Supplied information:
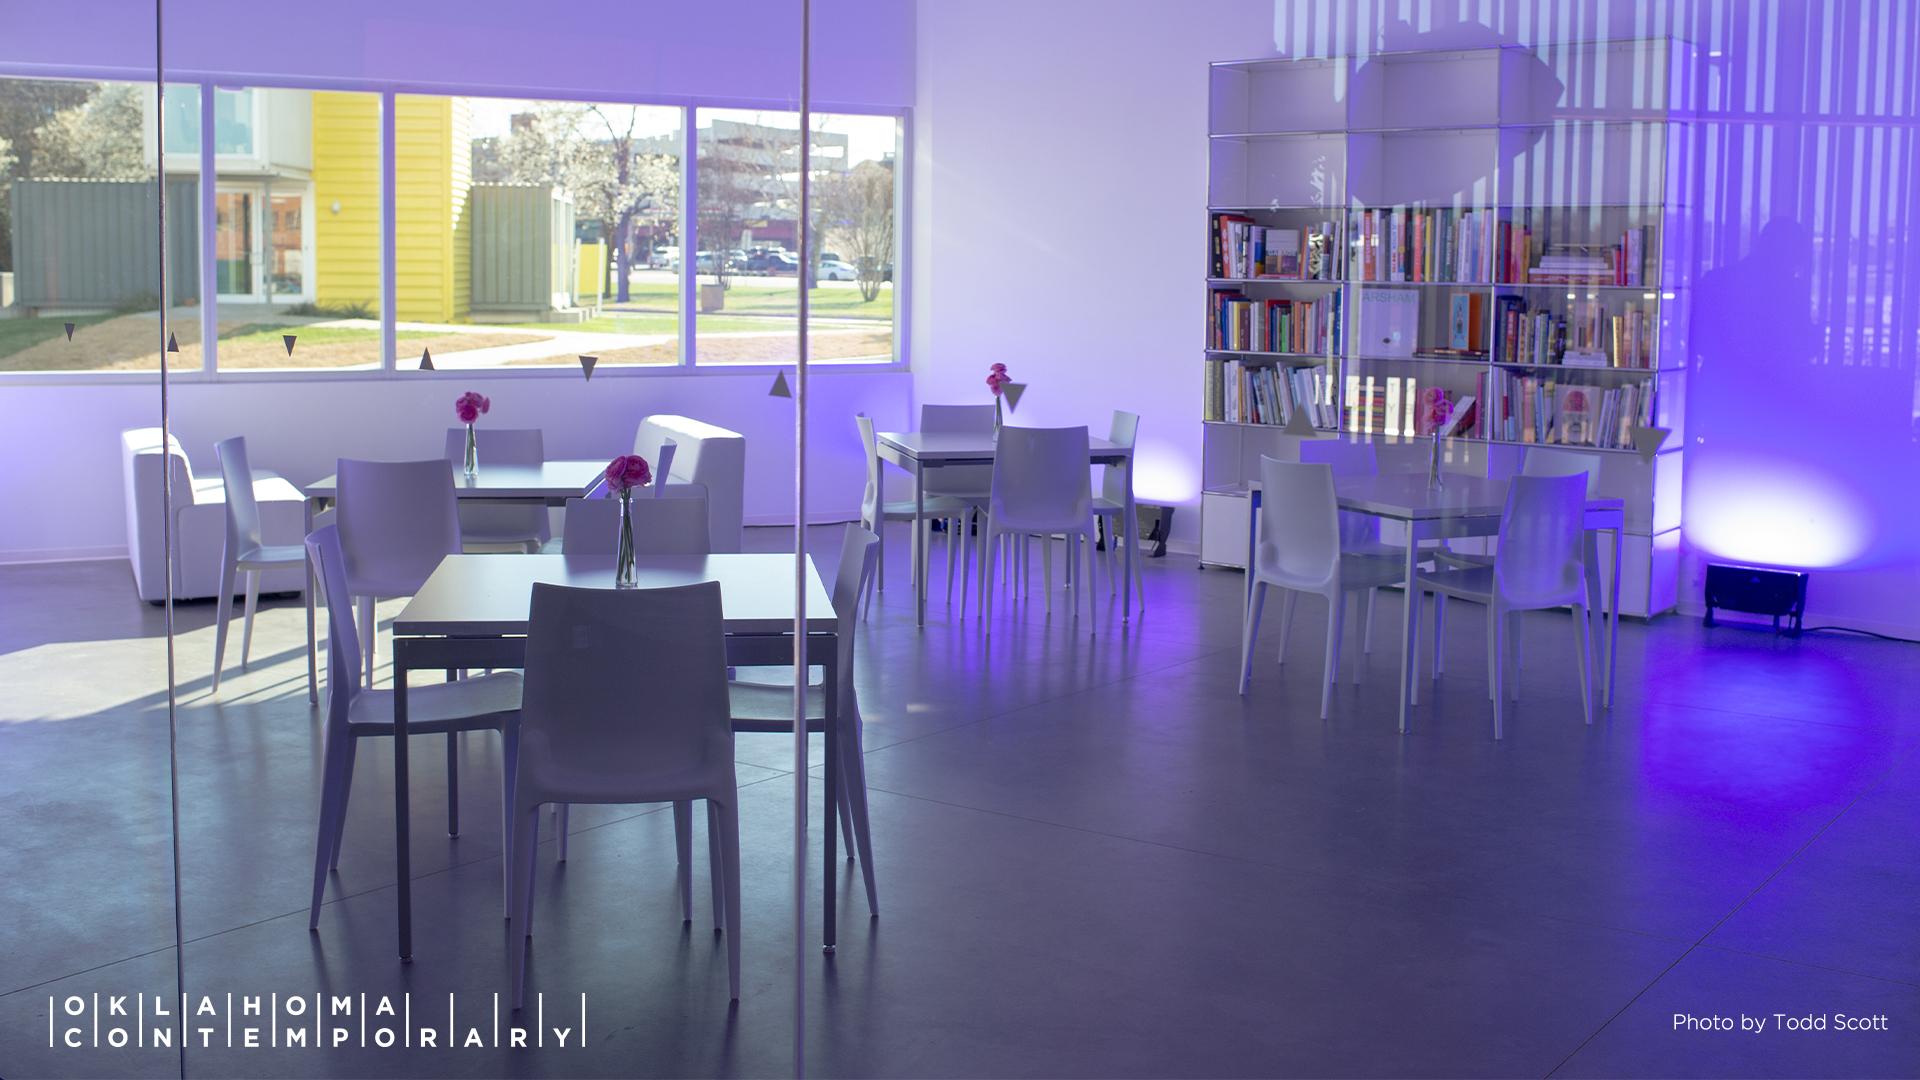 Okcontemp creative lounge
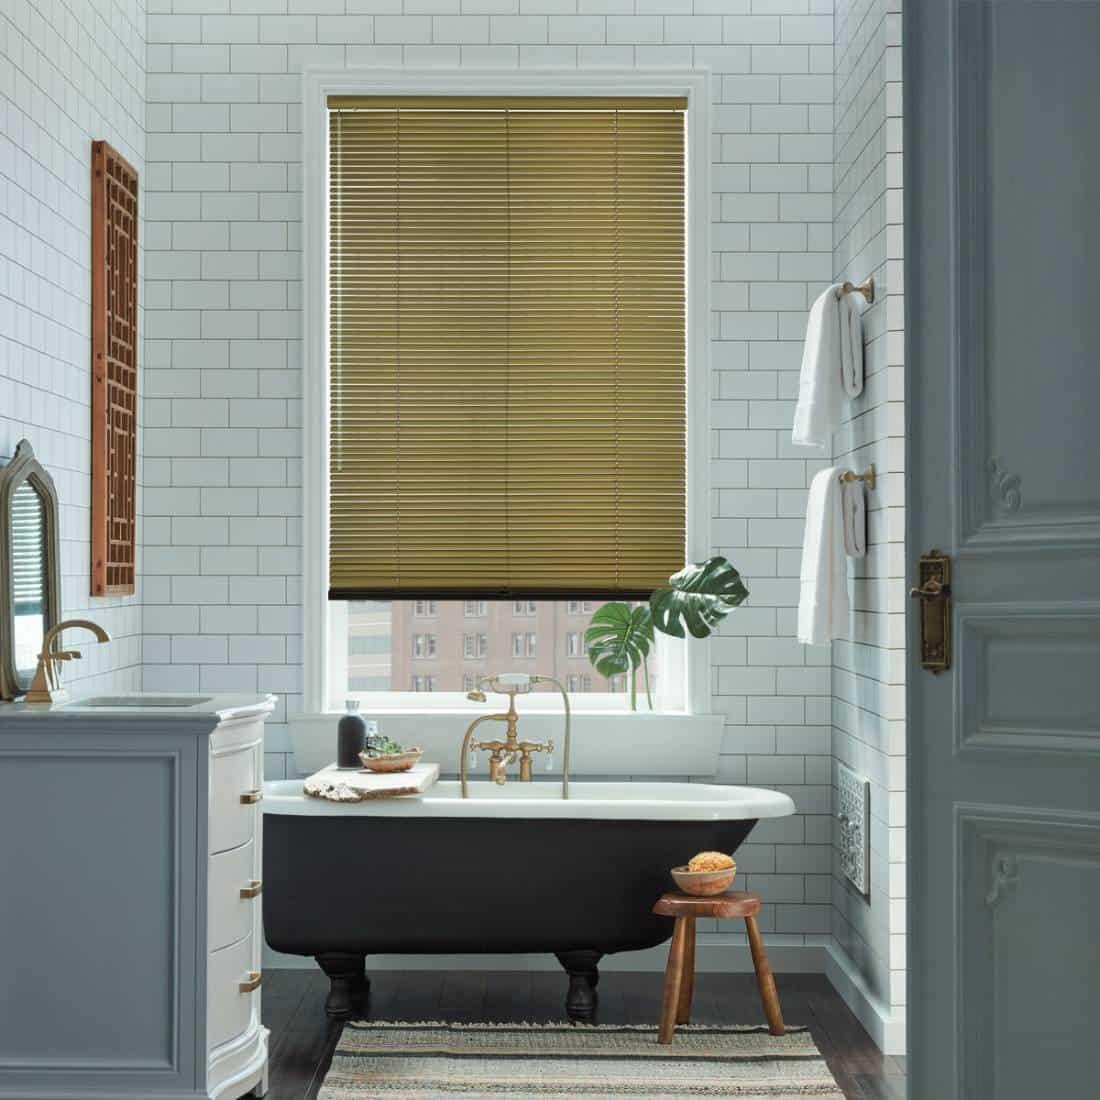 Hunter Douglas Modern Precious Metals® Aluminum Blinds Southlake, Texas (TX) window blinds, wood blinds, metal blinds
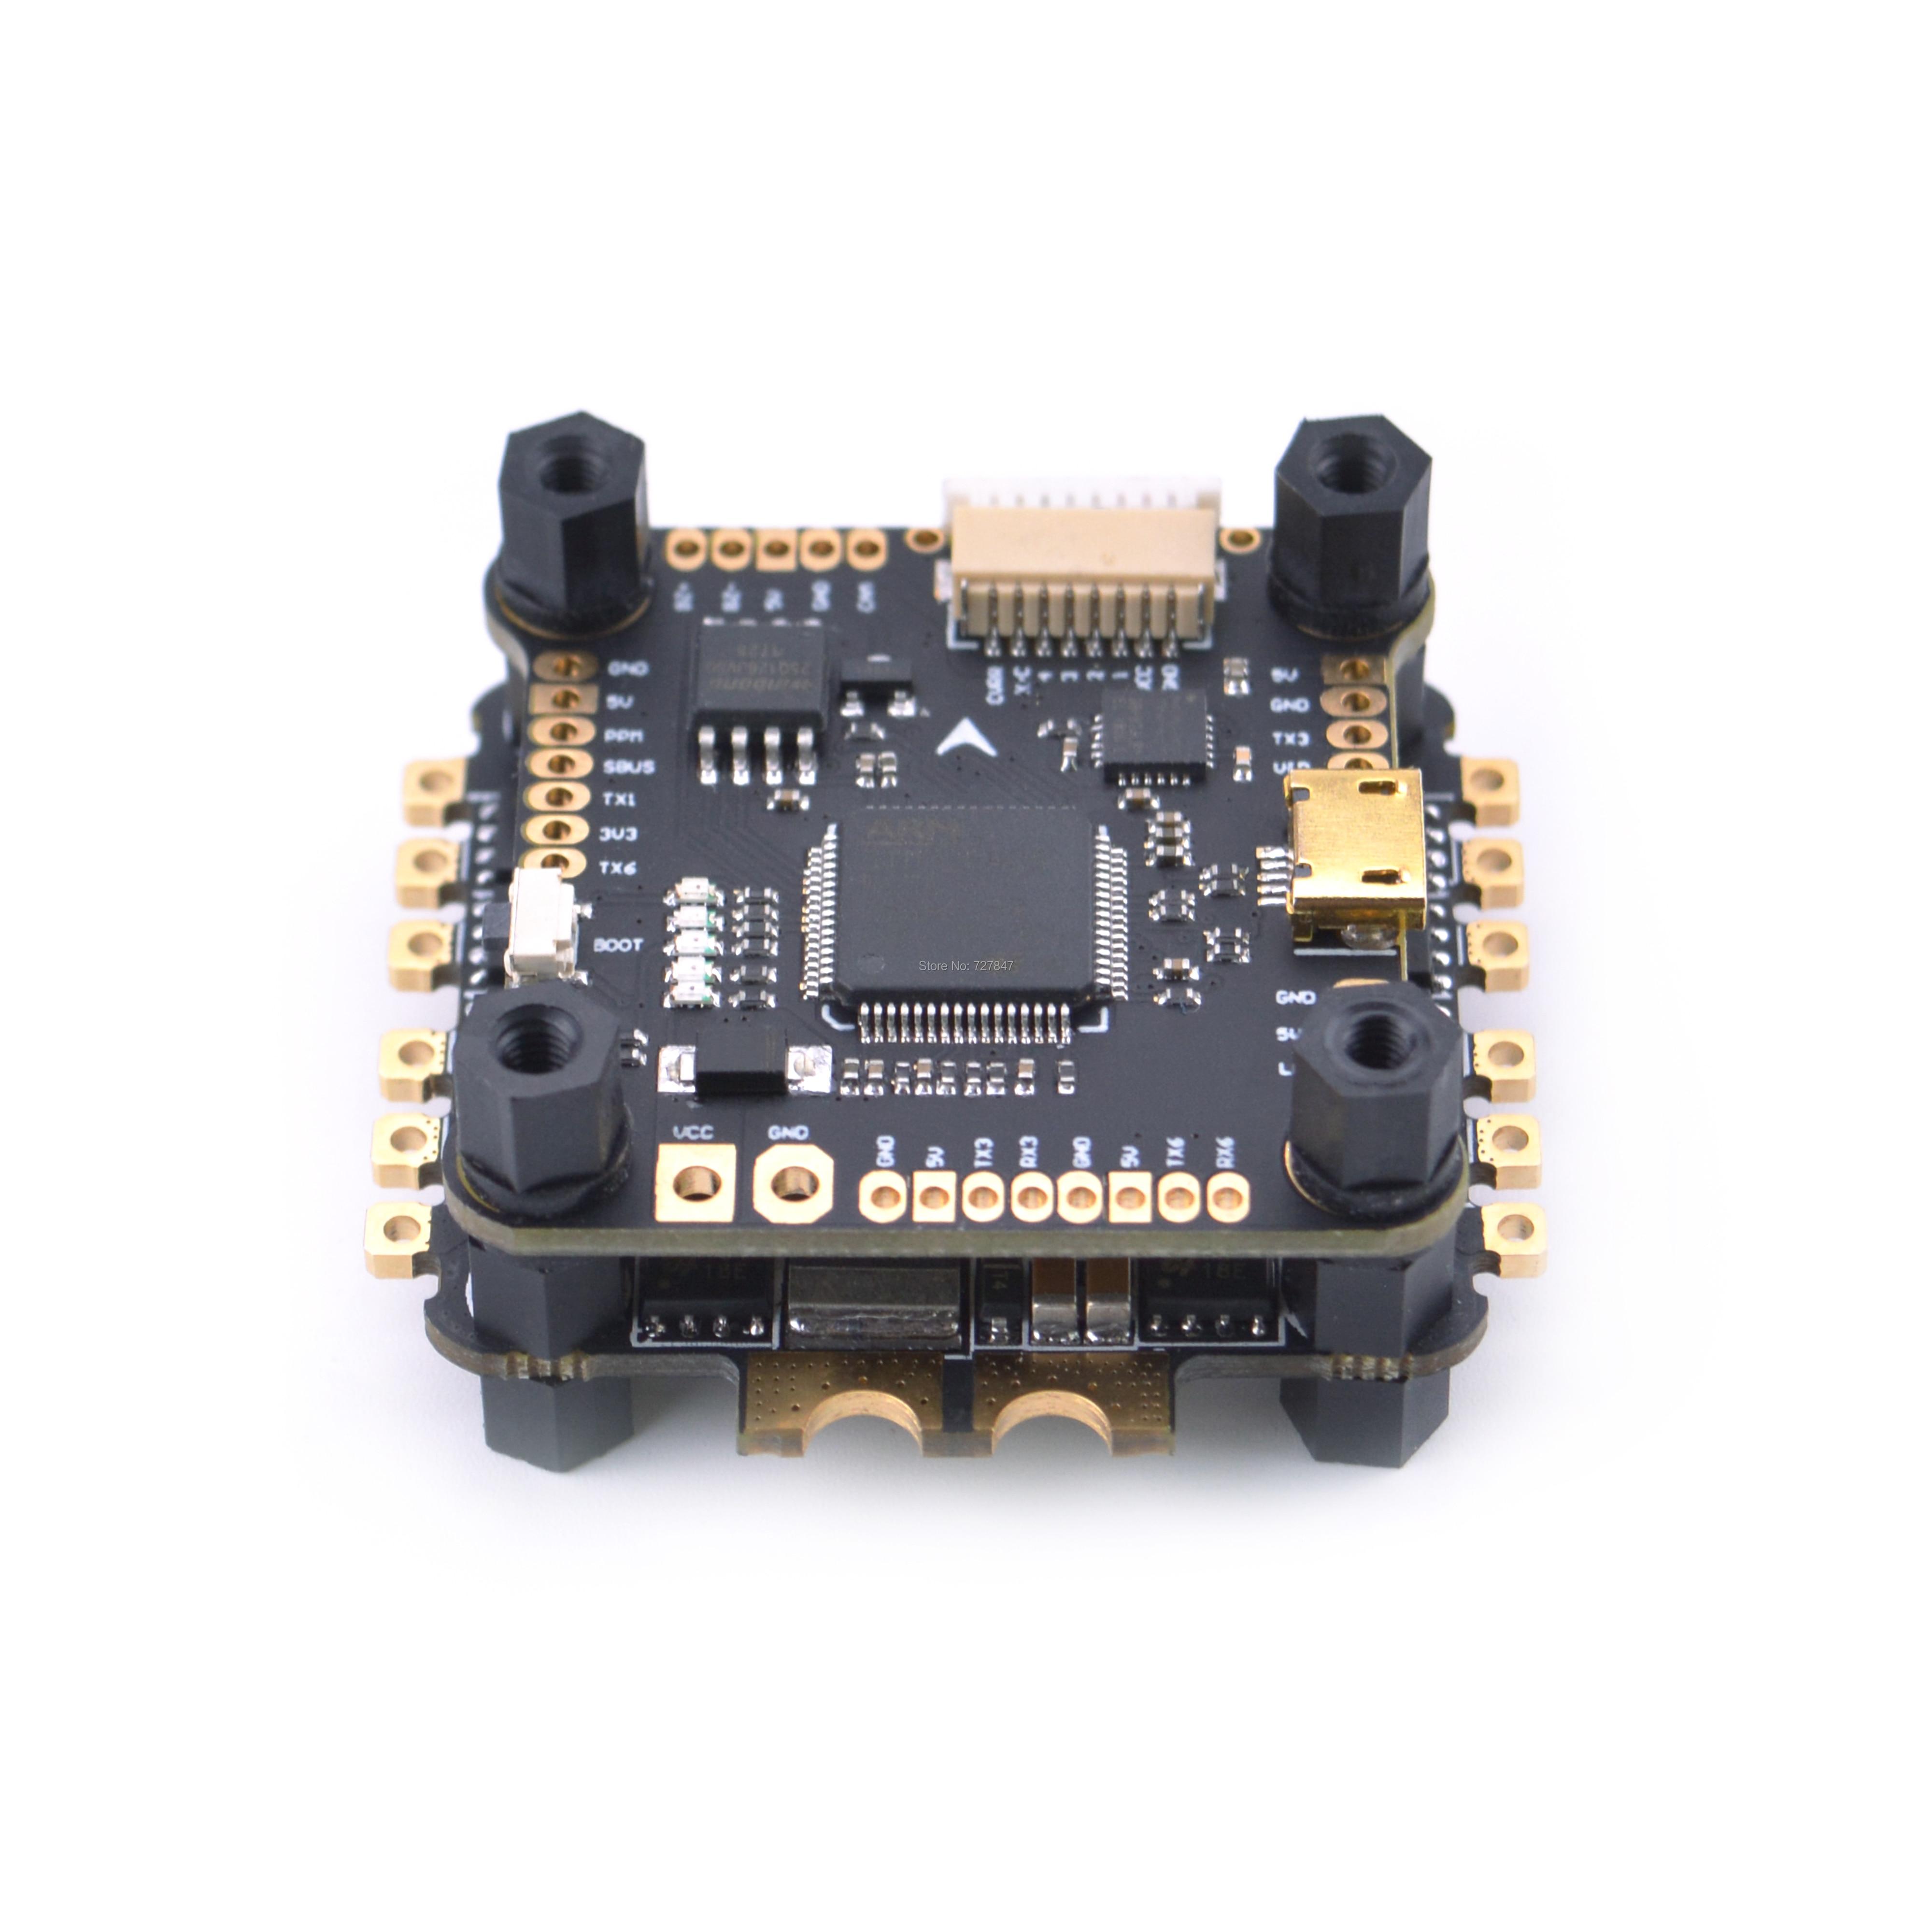 NEW Mamba F405 Flight Controller & REV35 35A BLheli_S 2-6S 4 In 1 ESC Built-in Current Sensor Brushless ESC For RC Model

What you are asked to do:
Restate the whole listing above exactly, except for its images.

Reply to the task:
 Okcontemp creative lounge
 Hunter Douglas Modern Precious Metals® Aluminum Blinds Southlake, Texas (TX) window blinds, wood blinds, metal blinds
 NEW Mamba F405 Flight Controller & REV35 35A BLheli_S 2-6S 4 In 1 ESC Built-in Current Sensor Brushless ESC For RC Model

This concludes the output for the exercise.